A US clinical trial has found that non-opioid pain medicines are just as good as opioids in chronic back, hip or knee pain
The small, year-long study, which focused on 240 veterans with chronic back pain or hip or knee osteoarthritis, aimed to compare opioid versus non-opioid medications on pain-related function, pain intensity and adverse effects.
The patients were randomised and both interventions – opioid and non-opioid medications – followed a treat-to-target strategy aiming for improved pain and function.
“Each intervention had its own prescribing strategy that included multiple medication options in 3 steps. In the opioid group, the first step was immediate-release morphine, oxycodone, or hydrocodone/acetaminophen,” the authors write.
“For the nonopioid group, the first step was acetaminophen (paracetamol) or a nonsteroidal anti-inflammatory drug. Medications were changed, added, or adjusted within the assigned treatment group according to individual patient response.”

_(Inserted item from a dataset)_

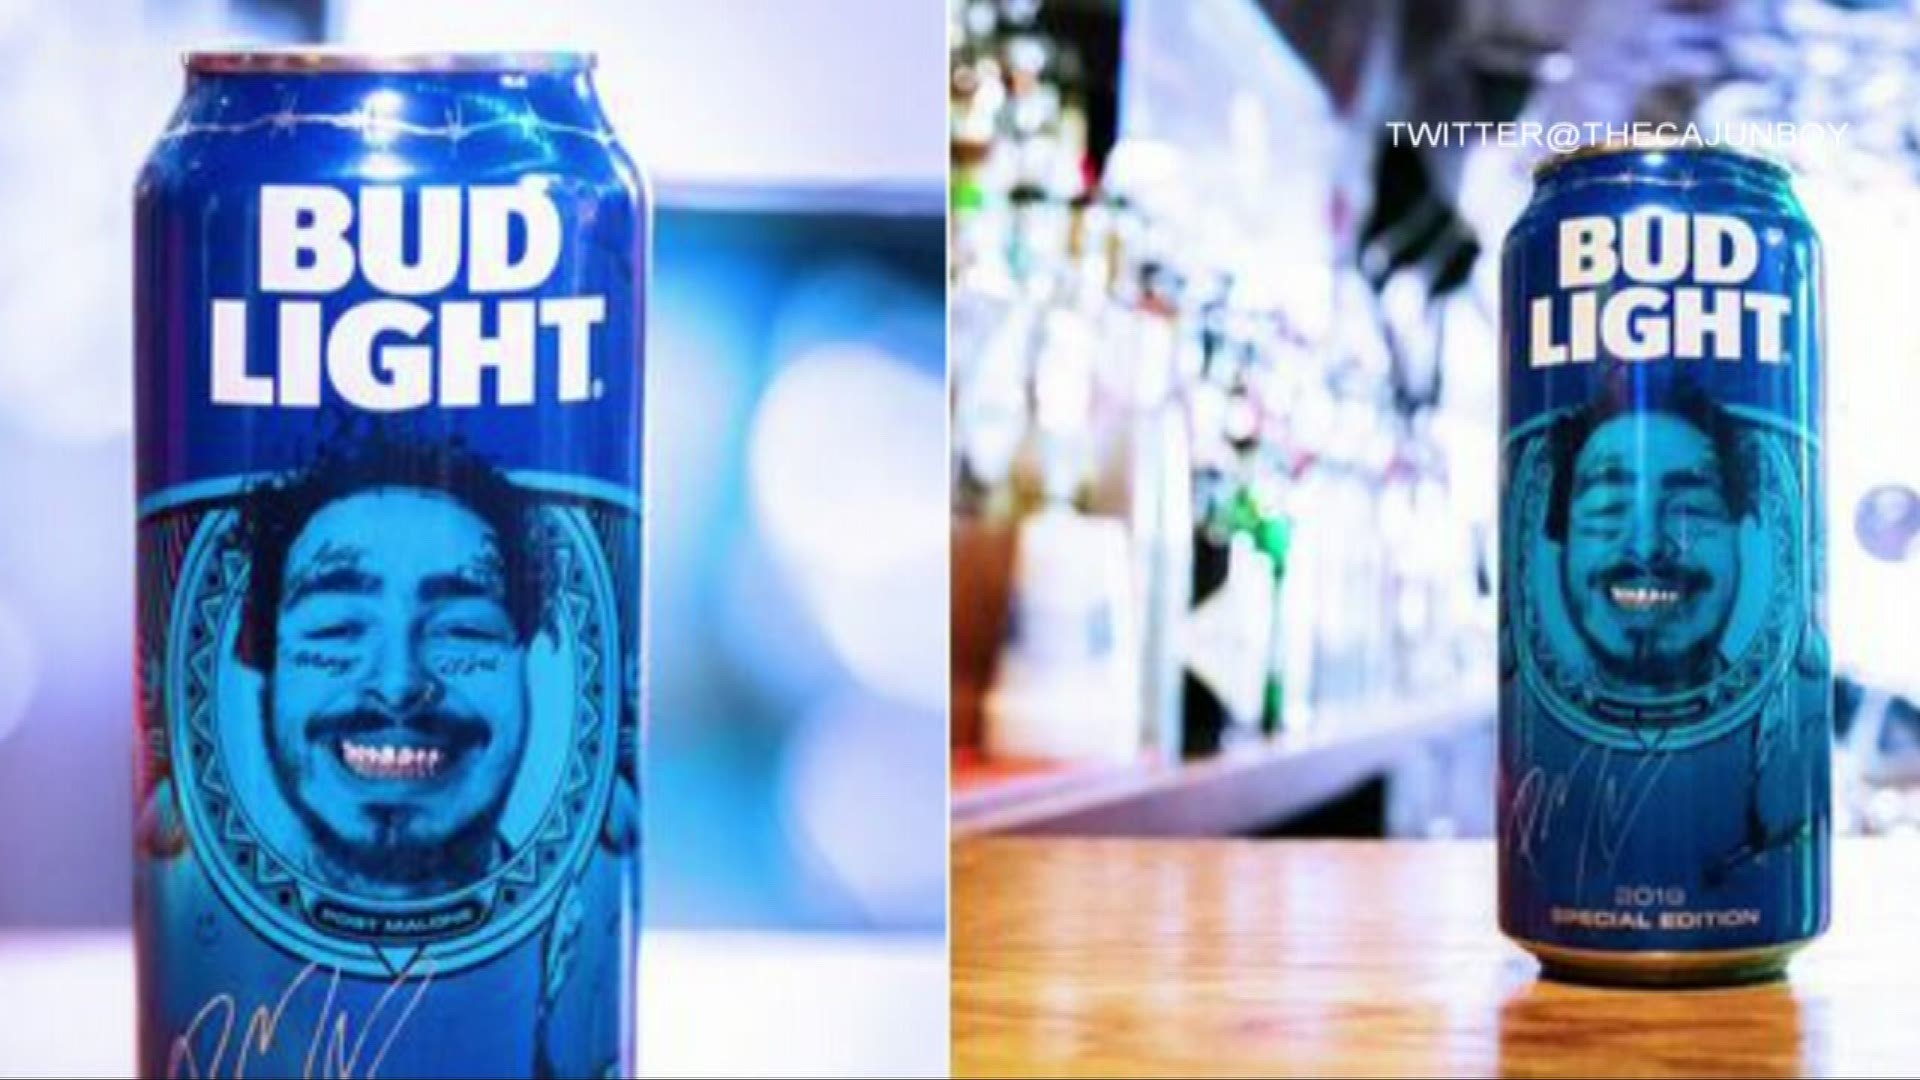 North Texas rapper Post Malone is making a splash-- onto Bud Light's beer cans.

The primary outcome was pain-related function (Brief Pain Inventory interference scale) over 12 months, while the main secondary outcome was pain intensity (BPI severity scale).
For both BPI scales, a one-point improvement was clinically important. The scales ranged from 0-10 and higher scores meant worse function or pain intensity.
Among 240 randomised patients (mean age, 58.3 years; women, 32 [13.0%]), 234 completed the trial.
The groups did not significantly differ on pain-related function over 12 months (overall P = .58); mean 12-month BPI interference was 3.4 for the opioid group and 3.3 for the nonopioid group (difference, 0.1 [95%CI, −0.5 to 0.7]).
Pain intensity was significantly better in the nonopioid group over 12 months (overall P = .03); mean 12-month BPI severity was 4.0 for the opioid group and 3.5 for the nonopioid group (difference, 0.5 [95%CI, 0.0 to 1.0]).
Adverse medication-related symptoms were significantly more common in the opioid group over 12 months (overall P = .03); mean medication-related symptoms at 12 months were 1.8 in the opioid group and 0.9 in the nonopioid group (difference, 0.9 [95%CI, 0.3 to 1.5]).
The authors write that overall, opioids did not demonstrate any advantage over non-opioid medications that could potentially outweigh the risk of harms.
“Among the secondary outcomes, only anxiety symptoms were statistically better in the opioid group,” they write.
“This finding is consistent with the role of the endogenous opioid system in stress and emotional suffering. The importance of this finding is uncertain because the magnitude of the difference in anxiety was small and the overall level of anxiety was low (9% of patients had moderate severity anxiety symptoms at baseline).
“Results do not support initiation of opioid therapy for moderate to severe chronic back pain or hip or knee osteoarthritis pain,” they write.